◆ Task statement ◆
Wherever a picture appears in the listing below, leave it out and reproduce the rest exactly.

◆ Dataset extract ◆
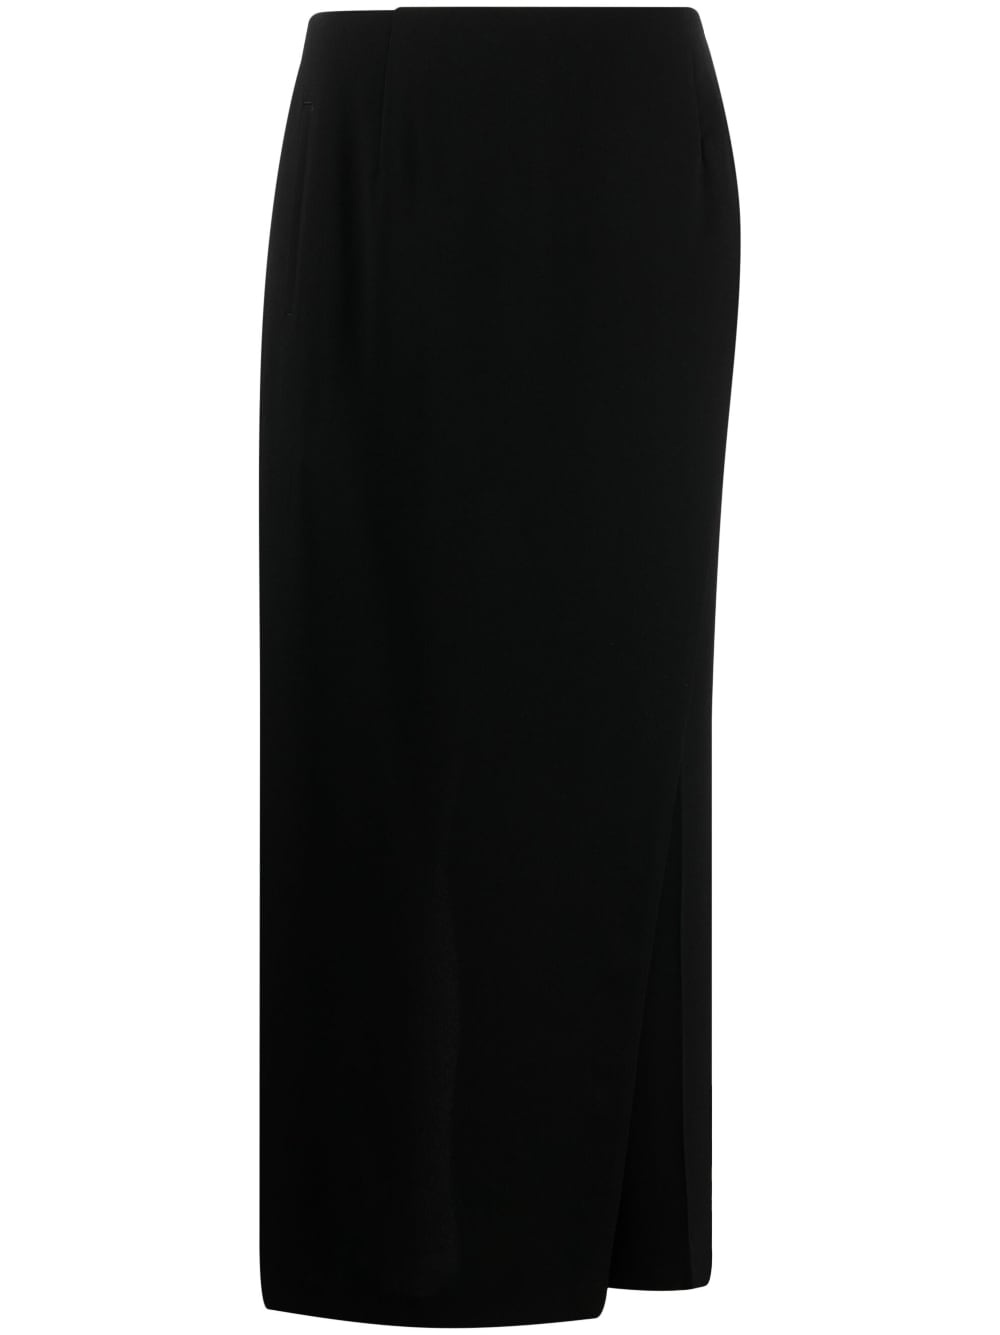 fitted-waistline long skirt - 1
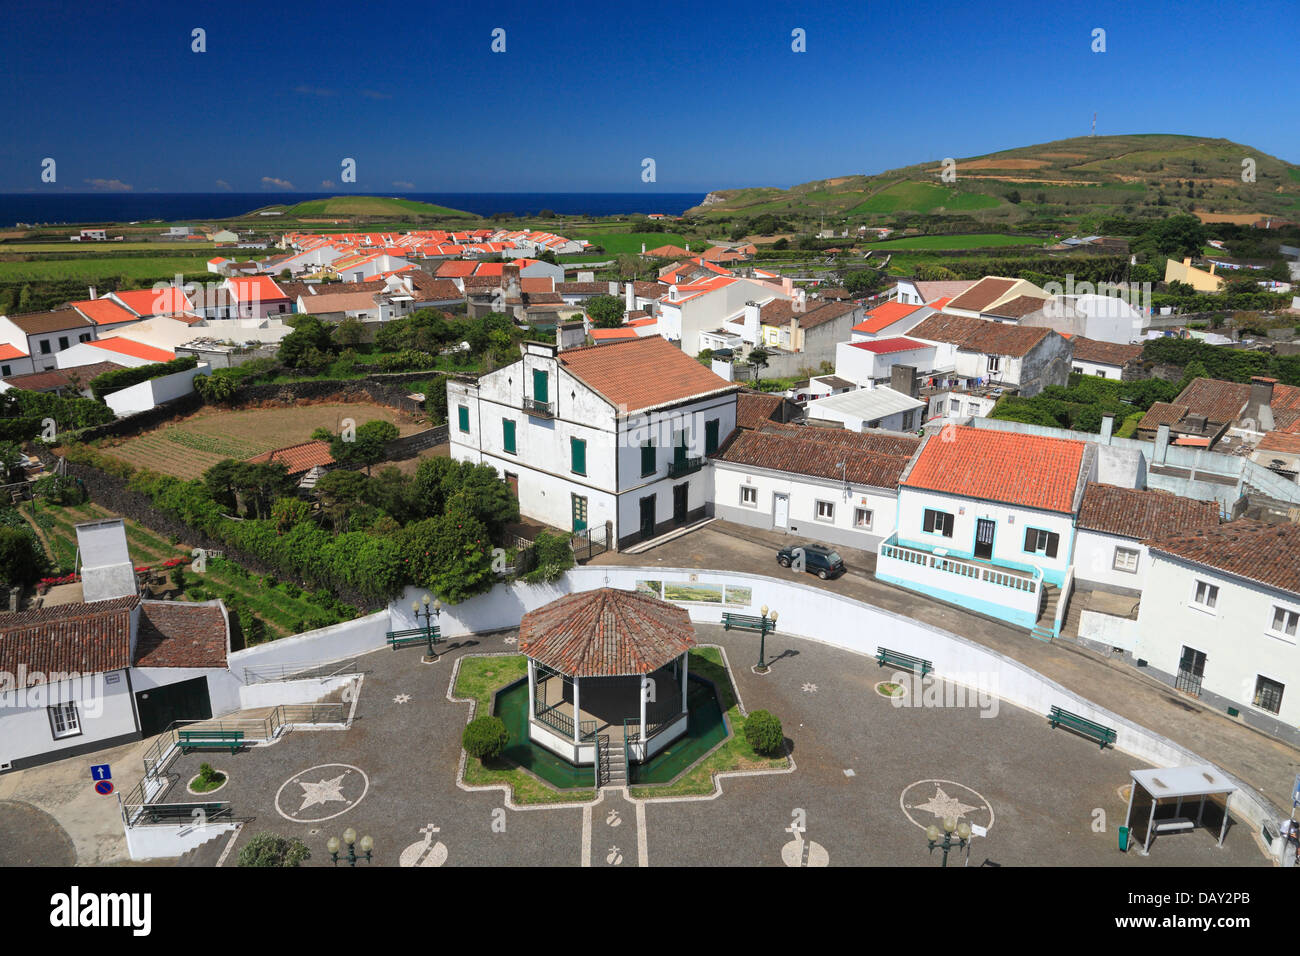 La parroquia de Ribeirinha, visto desde lo alto de la torre de la iglesia. Isla de Sao Miguel, Azores, Portugal. Foto de stock
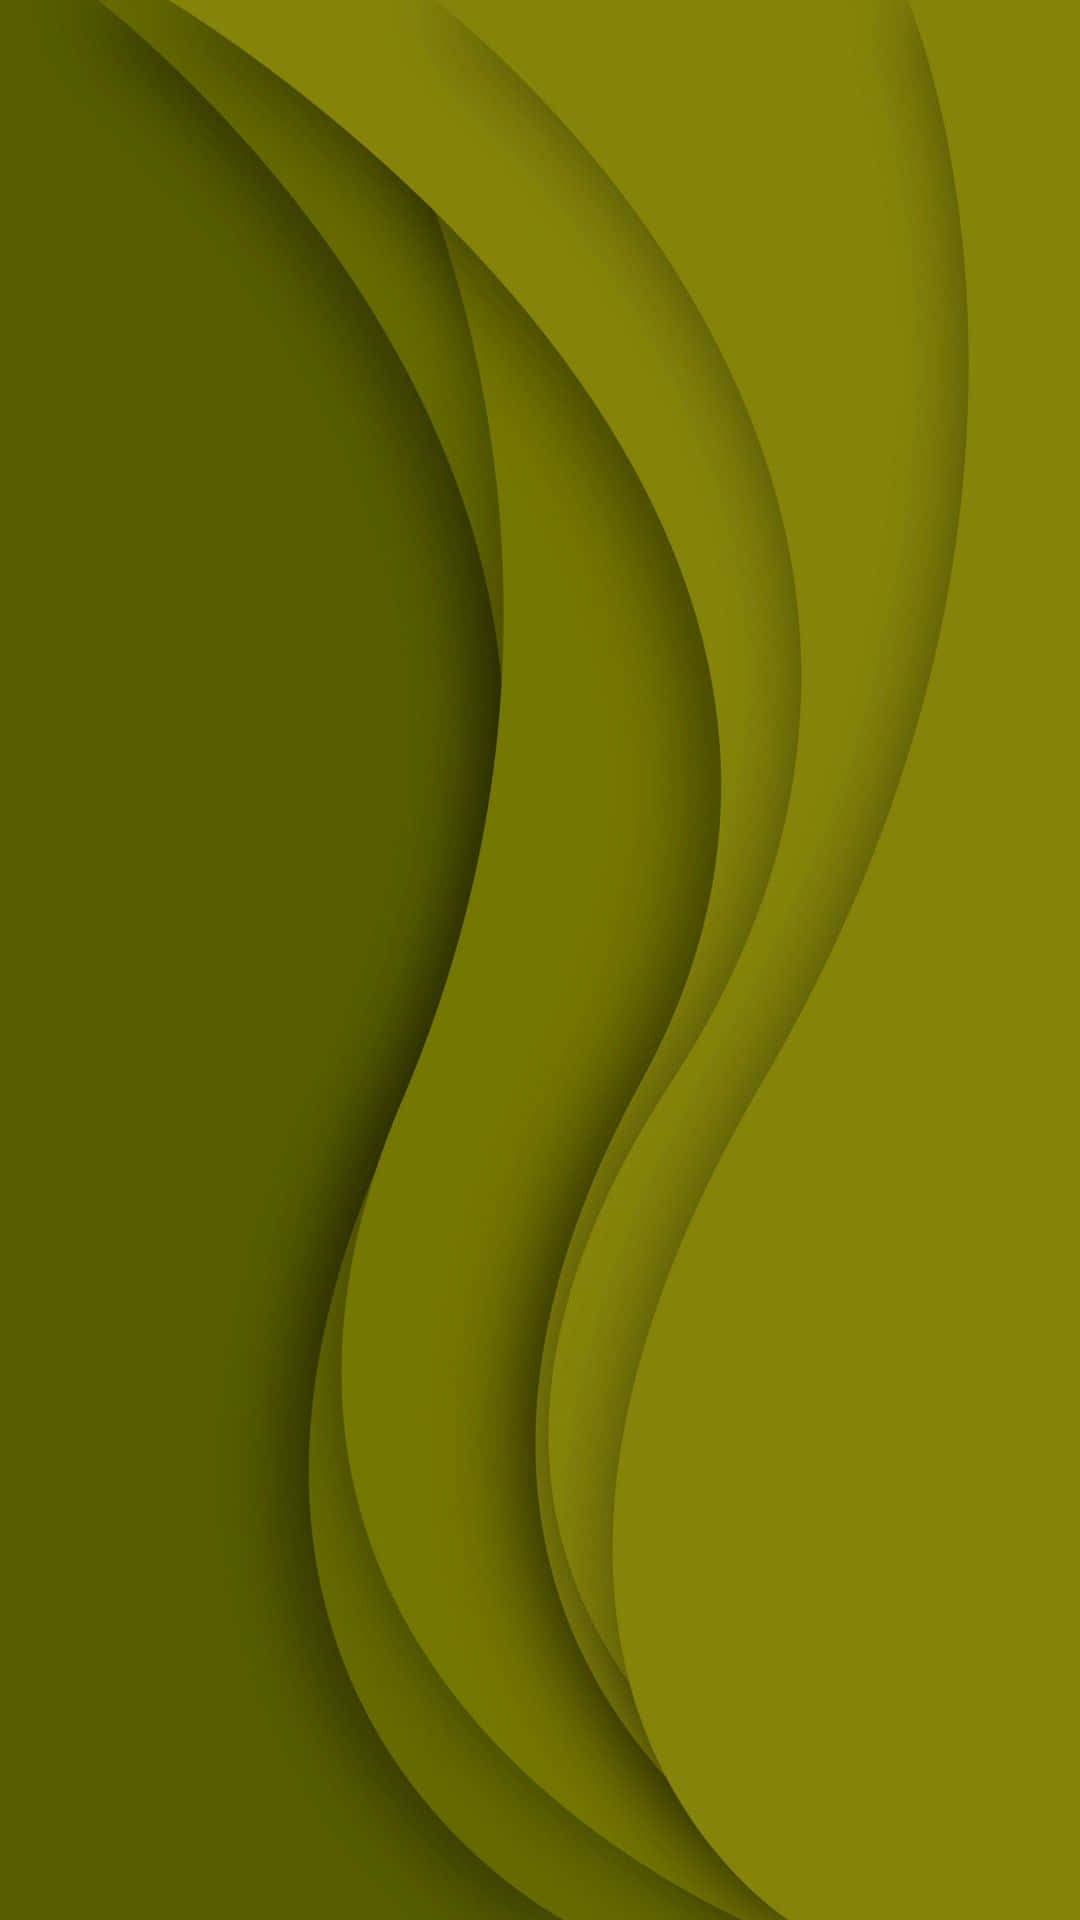 Et ikonisk, elegant og moderne olivengrøn Iphone. Wallpaper
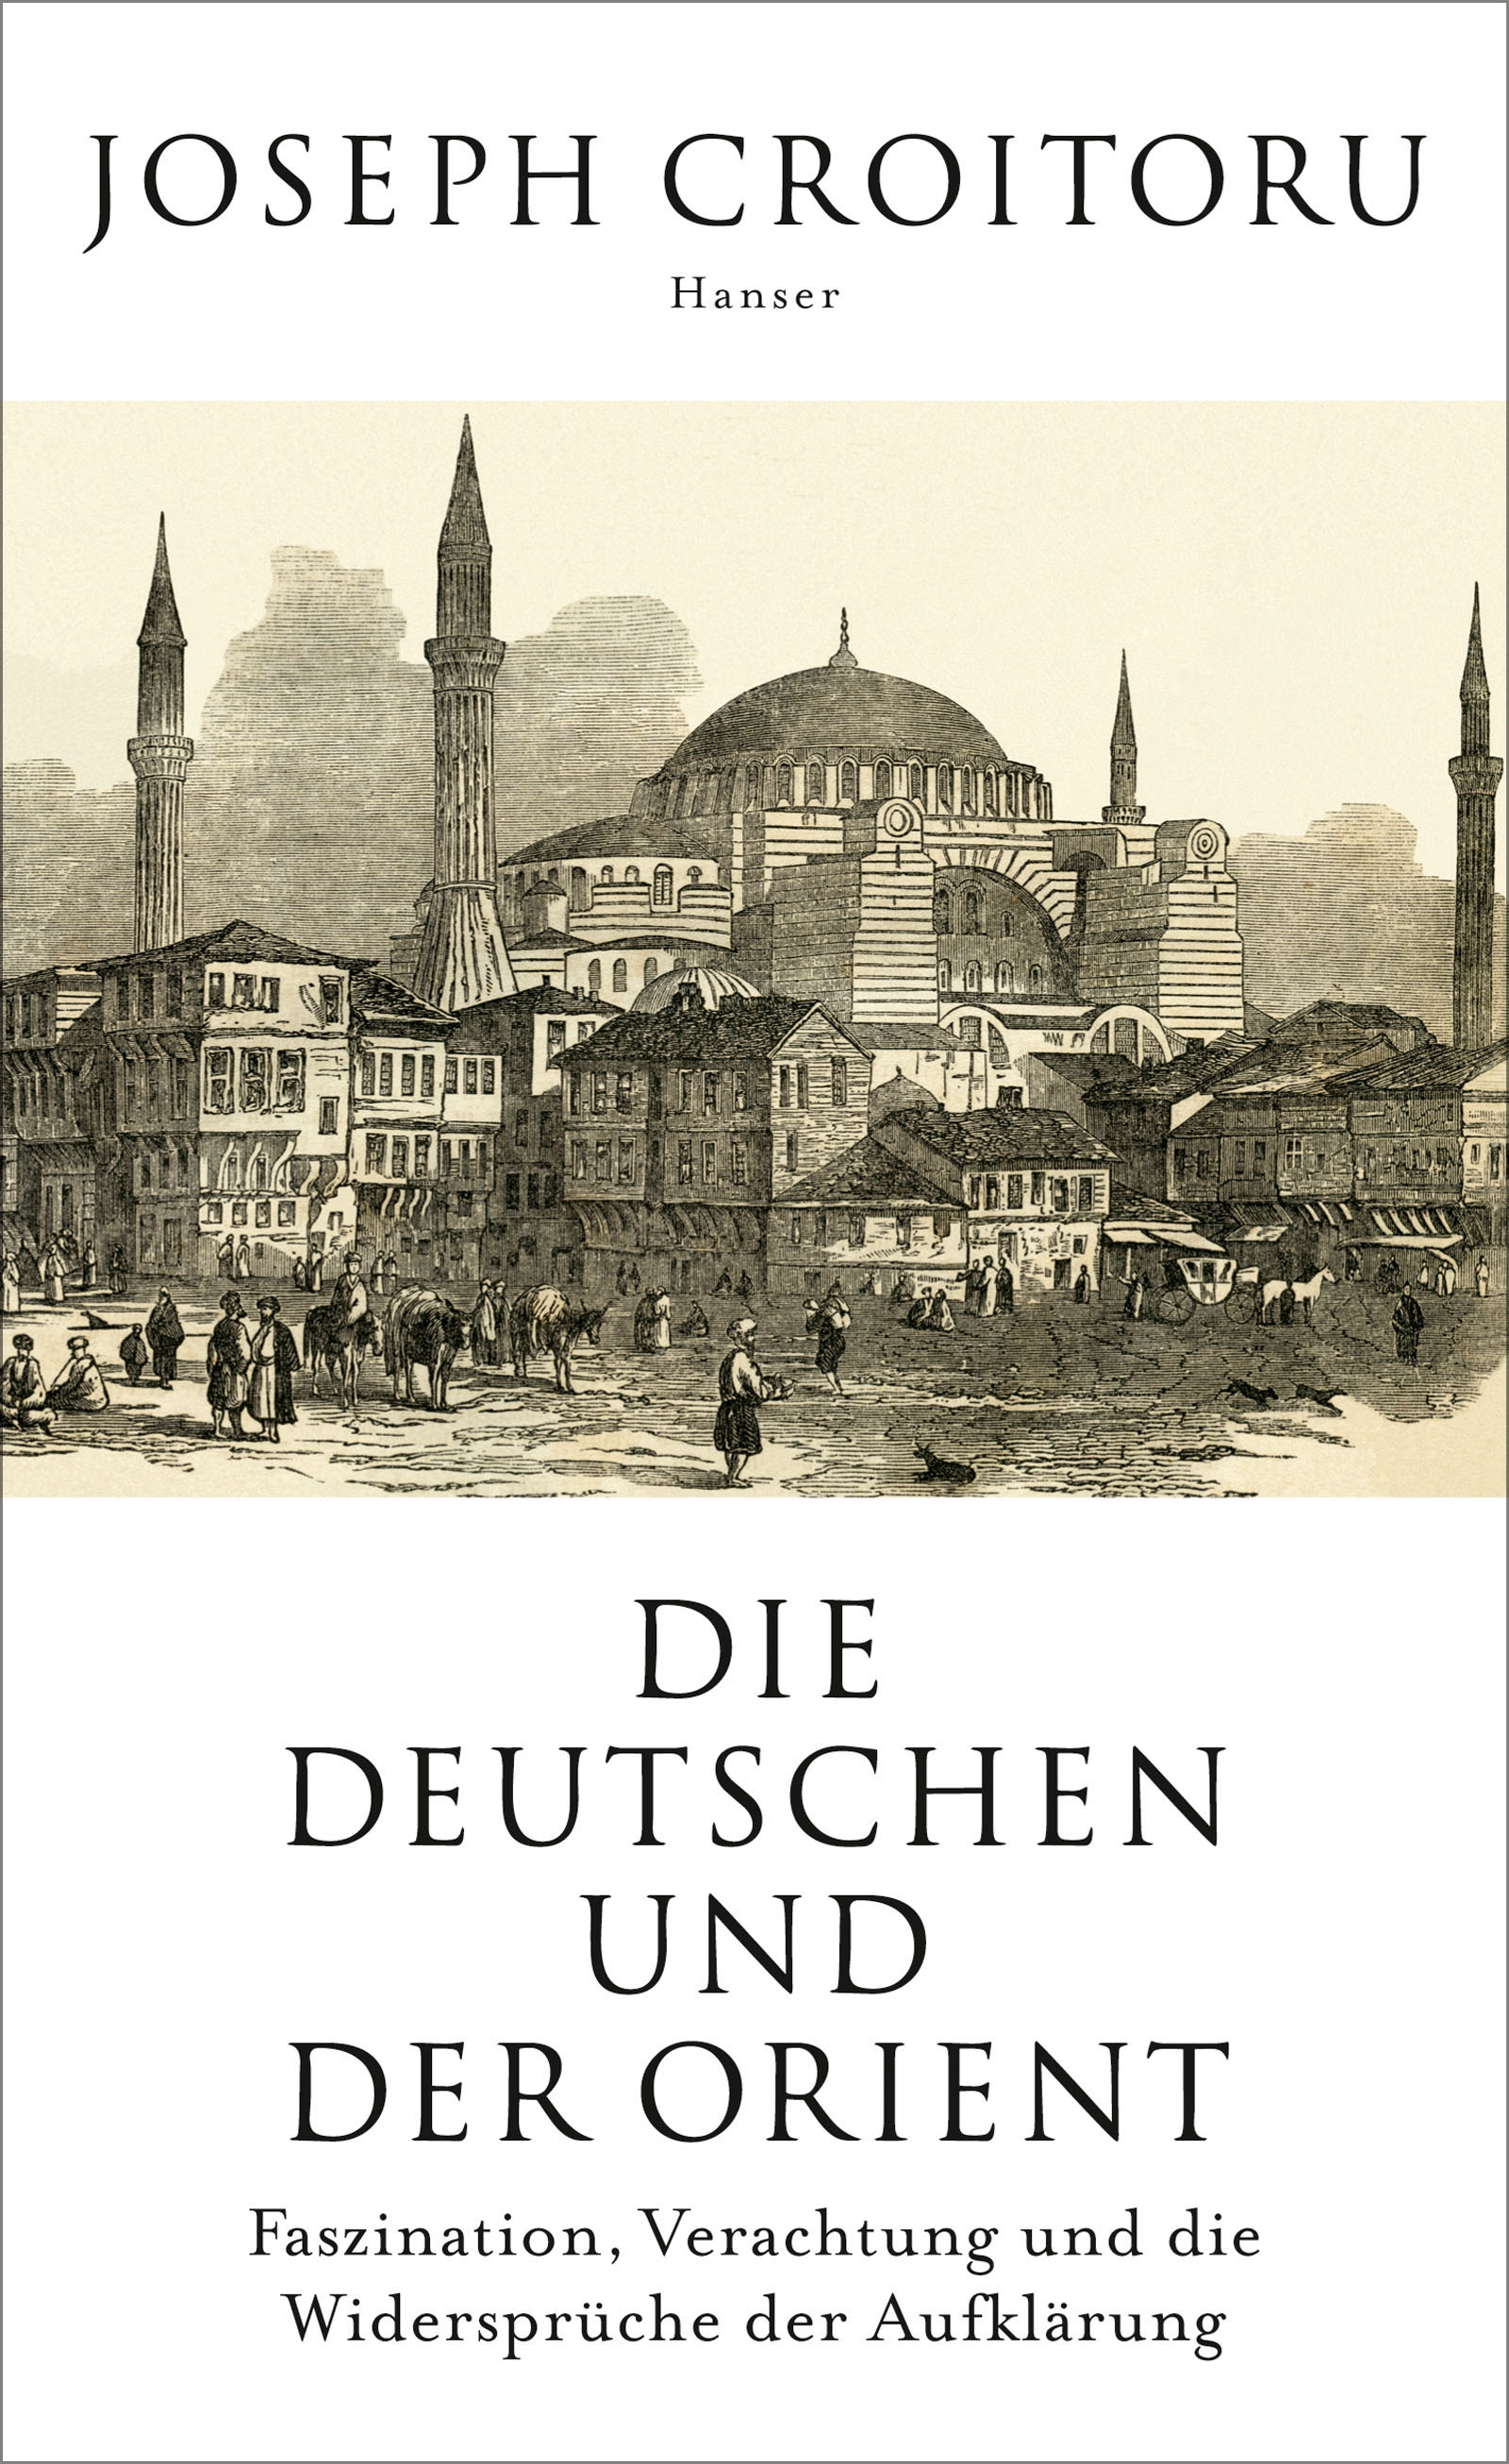 الغلاف الألماني لكتاب "الألمان والمشرق" للمؤرخ جوزيف كرواتورو.  Carl Hanser Verlag

◆ Result of this task ◆
 fitted-waistline long skirt - 1
 La parroquia de Ribeirinha, visto desde lo alto de la torre de la iglesia. Isla de Sao Miguel, Azores, Portugal. Foto de stock
 Et ikonisk, elegant og moderne olivengrøn Iphone. Wallpaper
 الغلاف الألماني لكتاب "الألمان والمشرق" للمؤرخ جوزيف كرواتورو.  Carl Hanser Verlag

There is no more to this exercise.